Reputation: 77
I have a simple classification problem, which I am trying to address through neural network using keras. There is numeric dataset, of size 26000 * 17.But the problem is that, there are a lot of missing values (null values) in the dataset. Data is quite sensitive, so neither I can ignore all rows containing null values nor replace the null values in the data with average, mean or any standard number. There is also constraint of not using KNN imputation to replace missing entries. What is the best way to handle such dataset?
Upvotes: 4
Views: 822
Reputation: 1
#handling missing numerical data
import numpy as np
from sklearn.impute import SimpleImputer
imp_mean = SimpleImputer(missing_values=np.nan, strategy='mean')

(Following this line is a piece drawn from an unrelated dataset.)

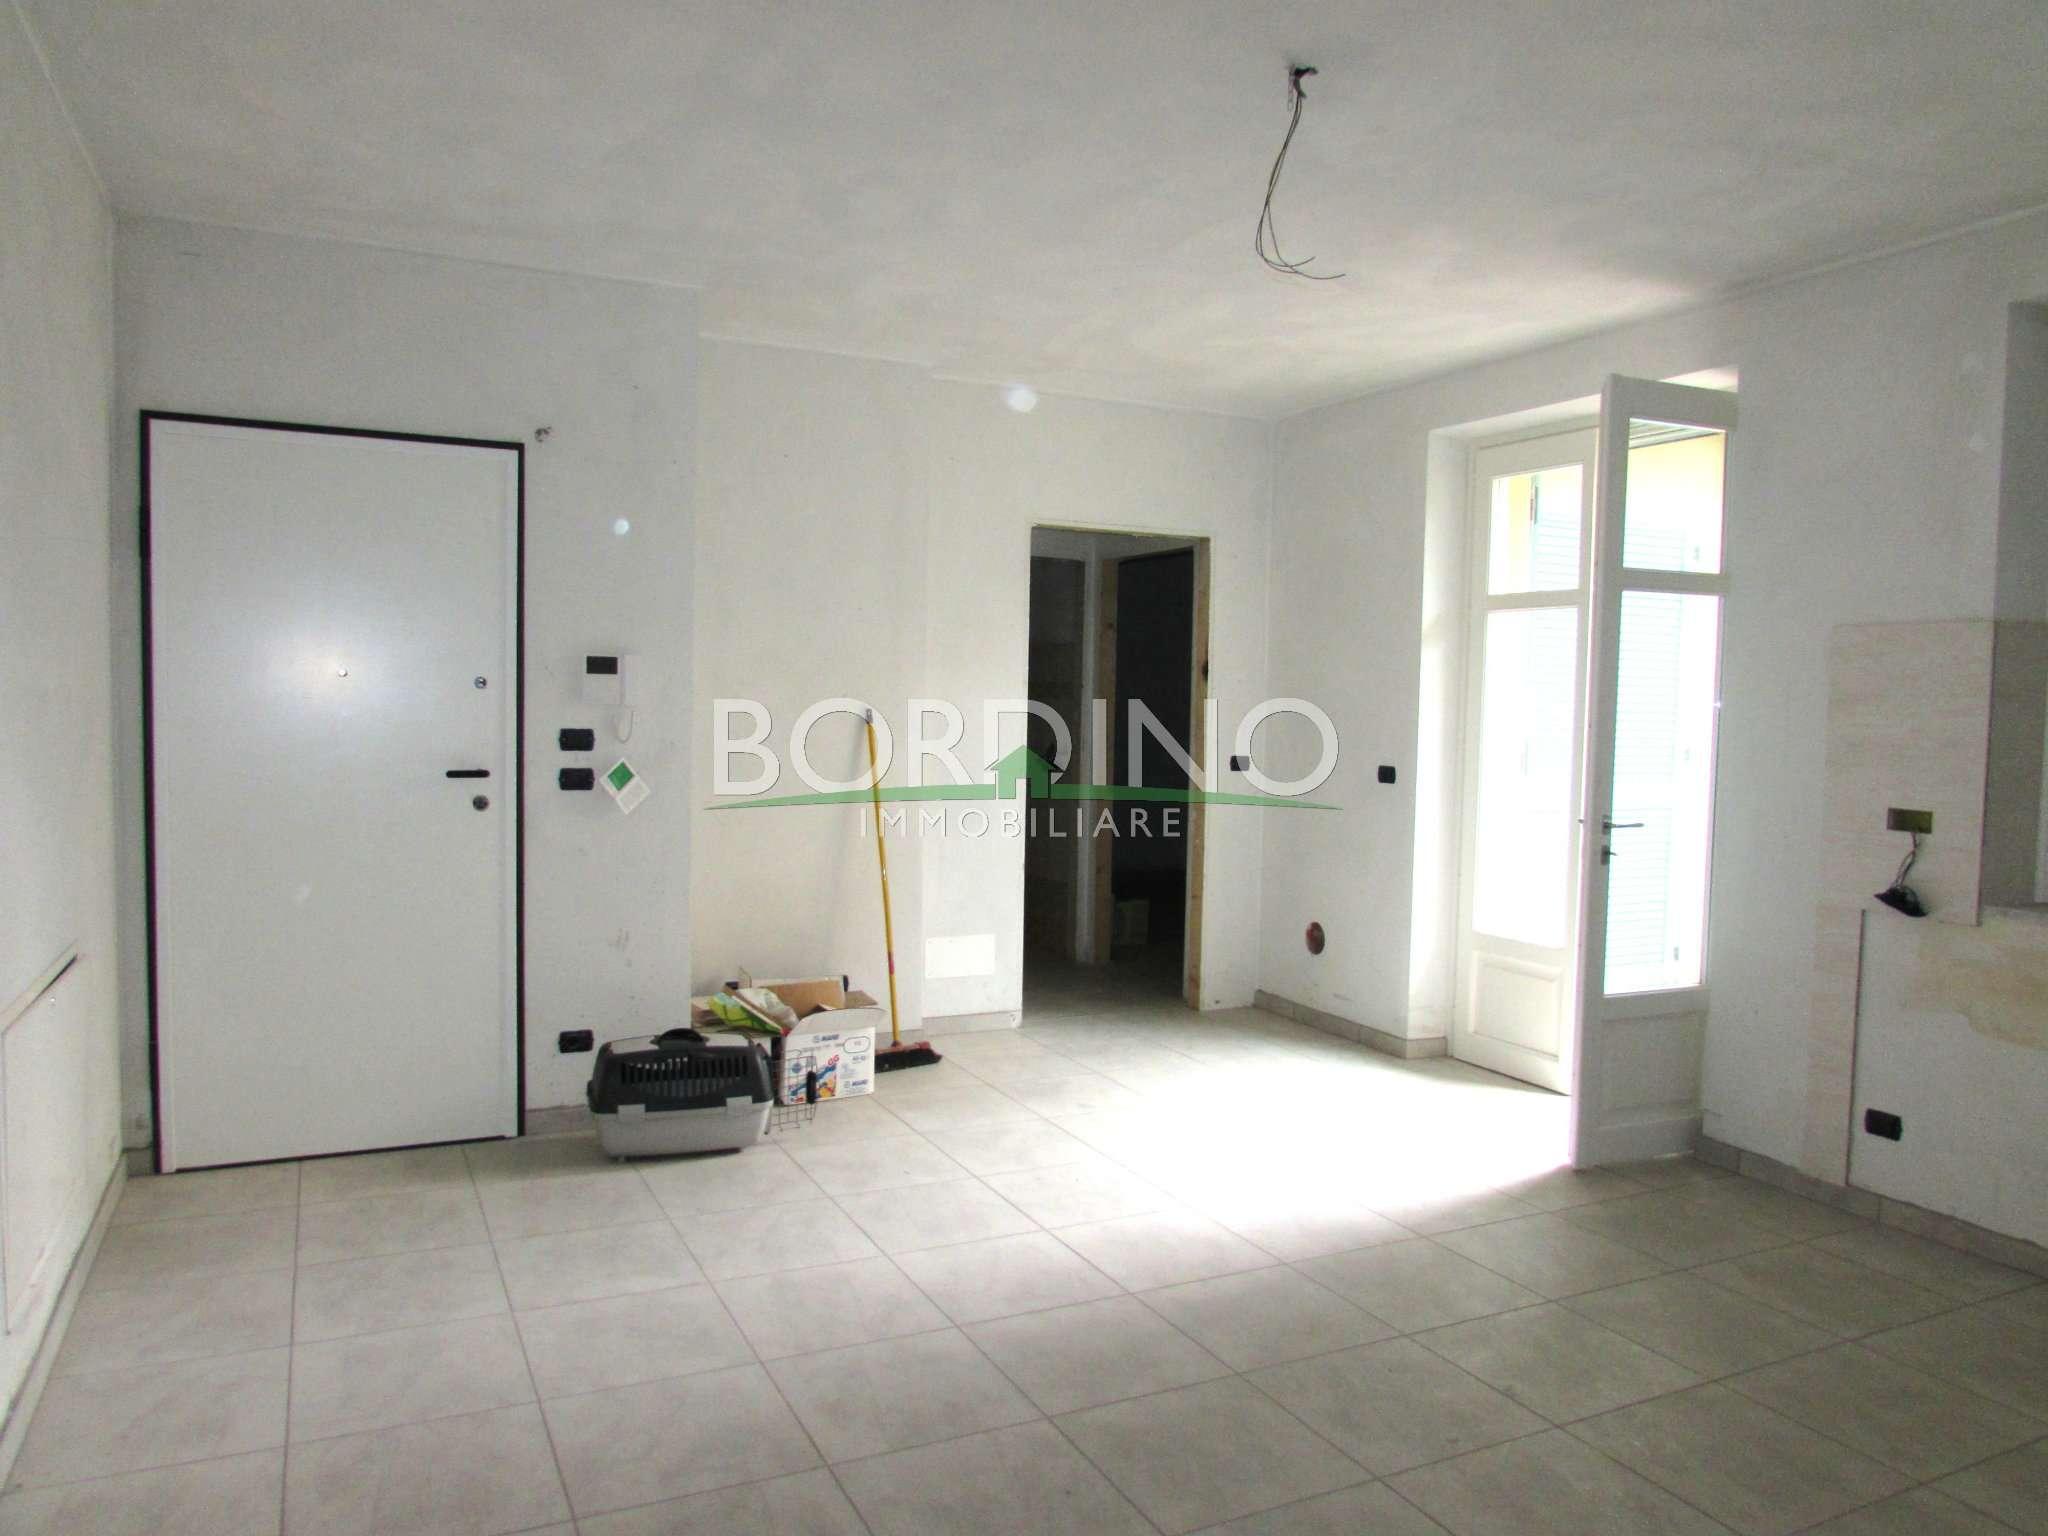 Appartamento in vendita a Canale, 3 locali, prezzo € 149.000 | CambioCasa.it

numerical_cols = list(np.where((X.dtypes == np.int64) | (X.dtypes
==
np.float64))[0])
imp_mean.fit(X.iloc[:,numerical_cols])
X.iloc[:,numerical_cols] =
imp_mean.transform(X.iloc[:,numerical_cols])
#handling missing string data
imp_mean = SimpleImputer(missing_values=np.nan,
strategy='most_frequent')
imp_mean.fit(X.iloc[:,string_cols])
X.iloc[:,string_cols] = imp_mean.transform(X.iloc[:,string_cols])
Upvotes: 0
Reputation: 101
The best way to replace the missing values in any sort of numeric dataset is KNN-Imputation, which replace the missing values by considering neighbor entries.
Upvotes: 0
Reputation: 79
I dont know how much your data is crucial. BTW there is no as such good way to handle missing values. Sure, you will have to handle it by finding mean or average or with any standard number(e.g 0). KNN imputation is considered best method but dont know why there is constraint of not using KNN imputation.
Upvotes: 1